Da redação
No Tribunal de Justiça do Piauí-TJPI, é possível o cadastramento de partes no PJe mediante a utilização do nome social, no padrão estabelecido pela Resolução CNJ Nº 625/2025, que altera a Resolução CNJ Nº 270/2018, que regulamenta o uso do nome social pelas pessoas trans, travestis, transexuais e não binárias, usuárias dos serviços judiciários, membros, servidores, estagiários e trabalhadores terceirizados dos tribunais brasileiros.
A Resolução CNJ Nº 625/2025 altera o artigo 3º da seguinte Resolução CNJ Nº 270/2018 e determina a utlização do nome social em primeira posição, em processos judiciais em trâmite nos órgãos judiciários, seguido da menção do nome registral.
O Tribunal de Justiça do Piauí reafirma seu compromisso com o respeito à dignidade da pessoa humana e com a construção de uma Justiça verdadeiramente inclusiva.
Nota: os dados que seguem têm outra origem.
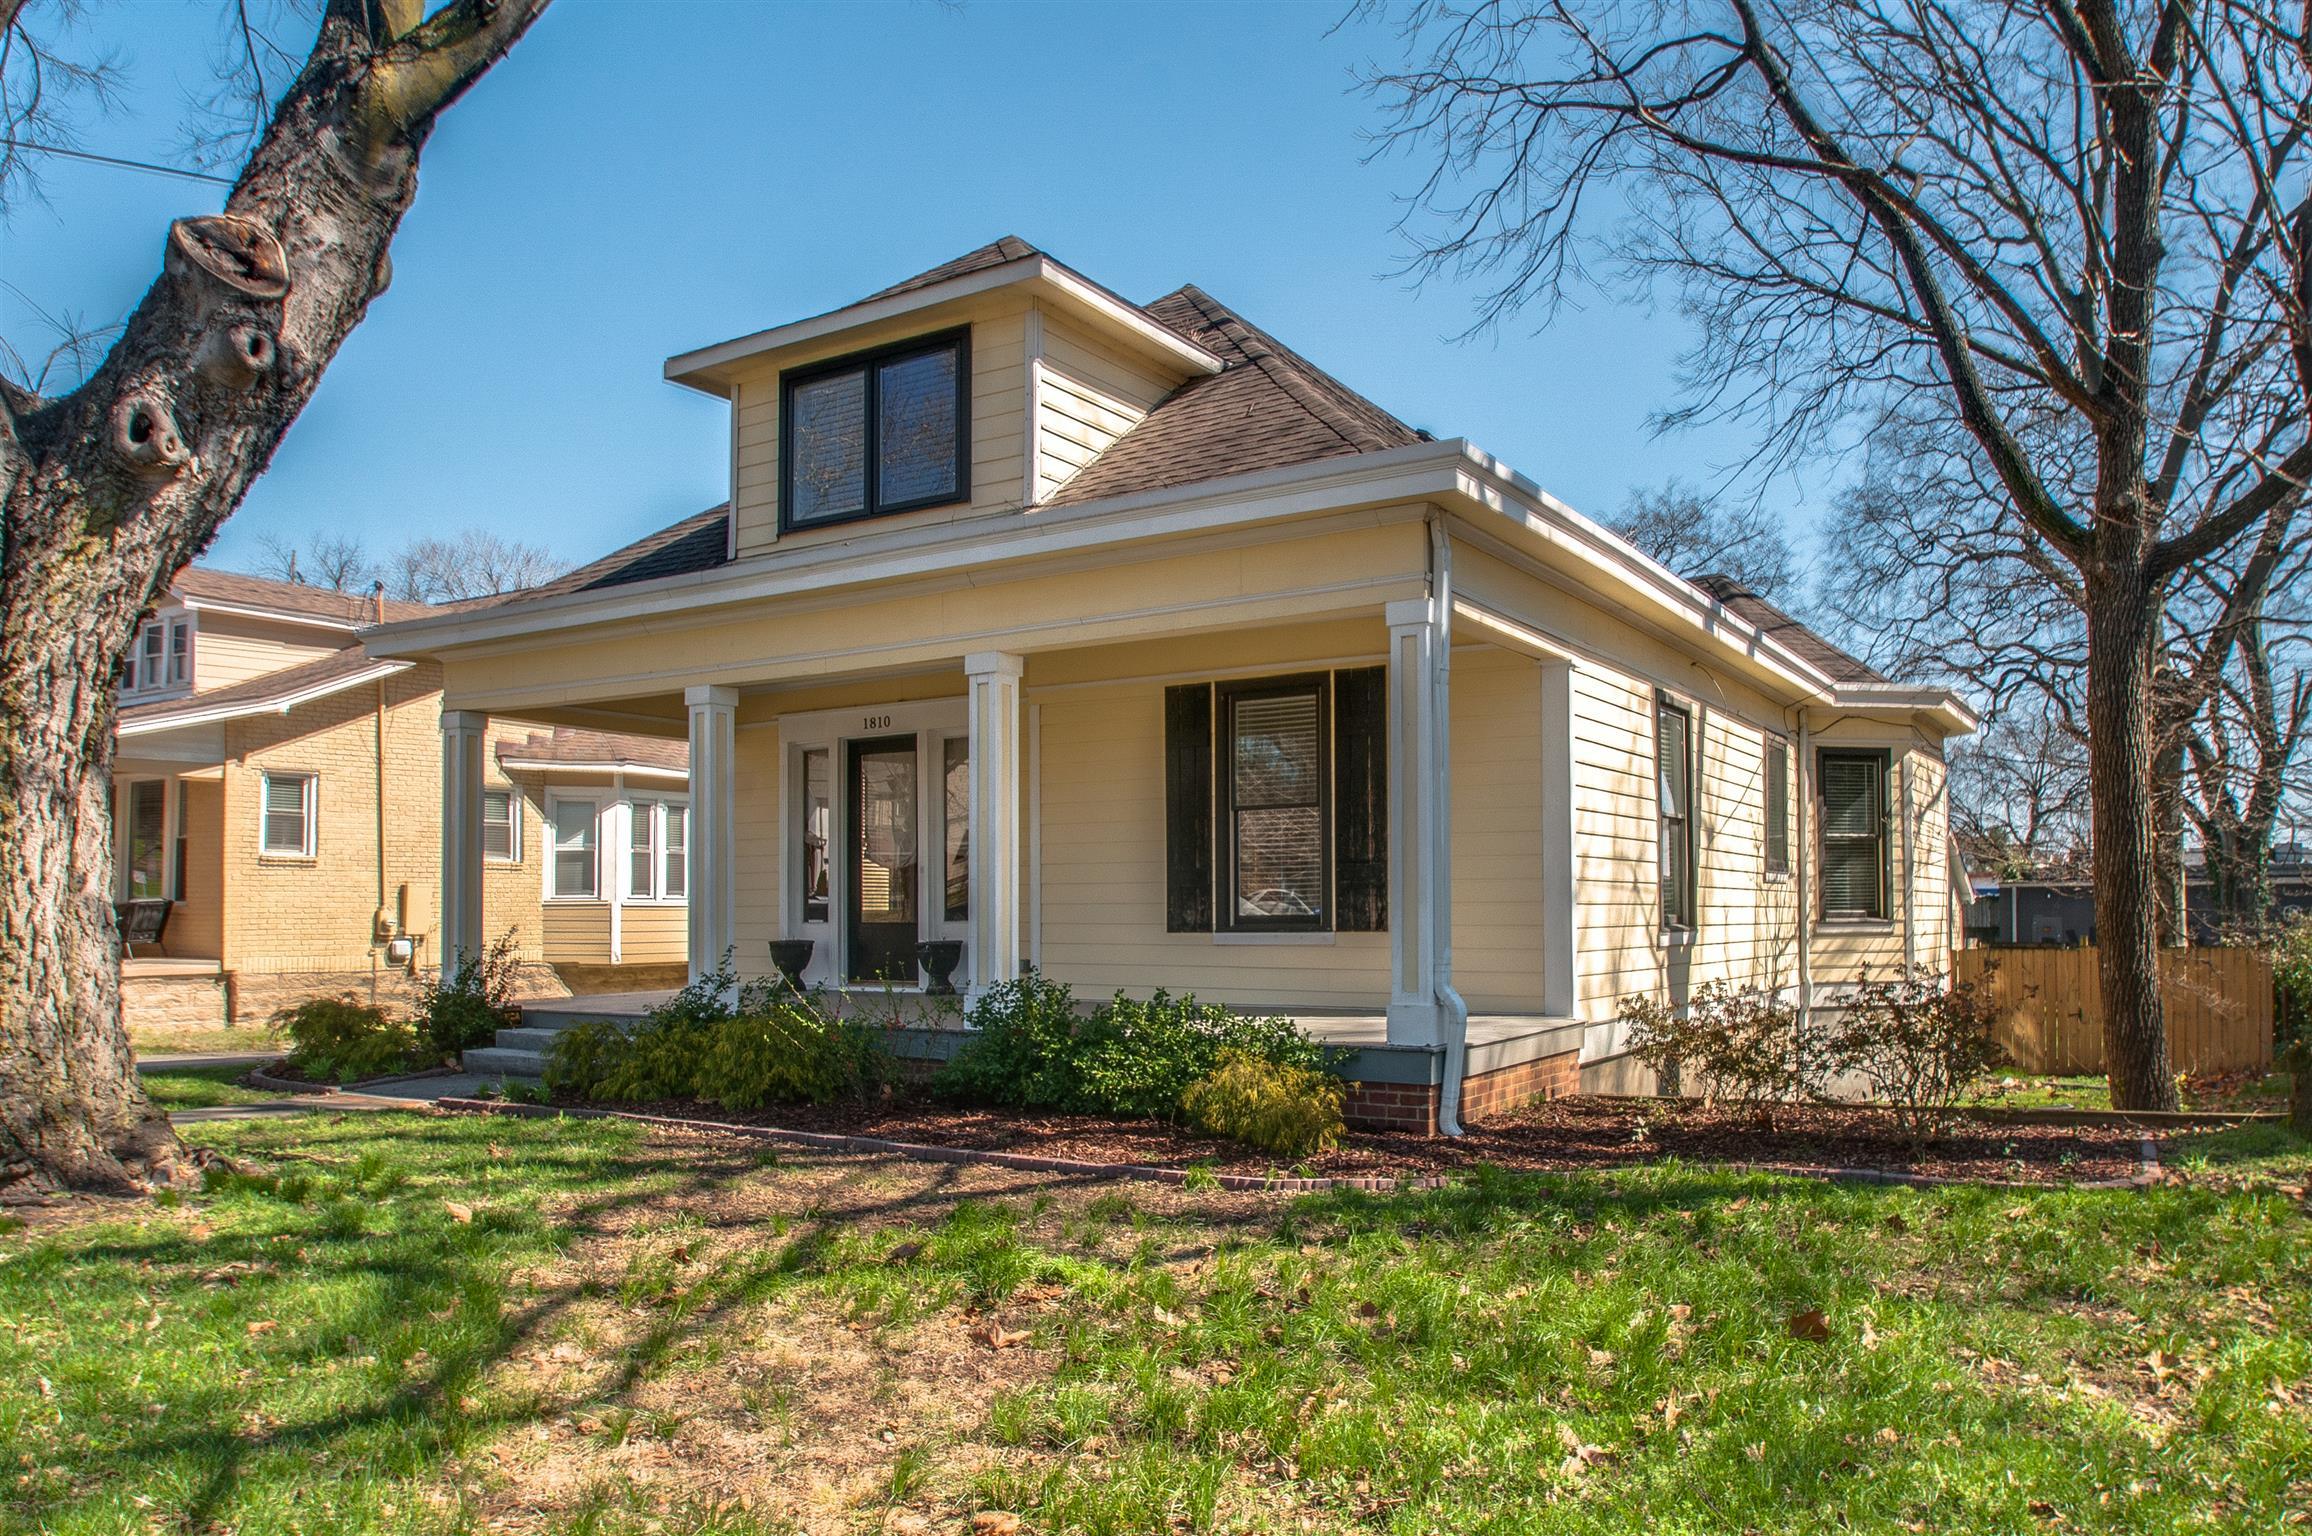 1810 Beech Ave Nashville, TN 37203

Nosso papel, como instituição, é garantir que todas as pessoas sejam vistas, ouvidas e tratadas com respeito”, destacou o presidente do TJPI, desembargador Aderson Nogueira.
Já em processos administrativos em trâmite nos órgãos do Poder Judiciário, o nome social será utilizado em primeira posição, sendo o nome civil de registro, visualizado apenas para fins administrativos, enquanto nas comunicações dirigidas a órgãos externos, não havendo espaço específico para registro de nome social, poderá ser utilizado o nome registral, para não acarretar prejuízo à obtenção do direito pretendido pelo assistido.
A medida foi tomada considerando que a identidade de gênero é um direito constitutivo das pessoas, com valor instrumental para o exercício de outros direitos, e reconhecendo que a adoção e o nome social são fundamentais para garantir a inclusão, a proteção da identidade de gênero e o respeito à personalidade jurídica do indivíduo.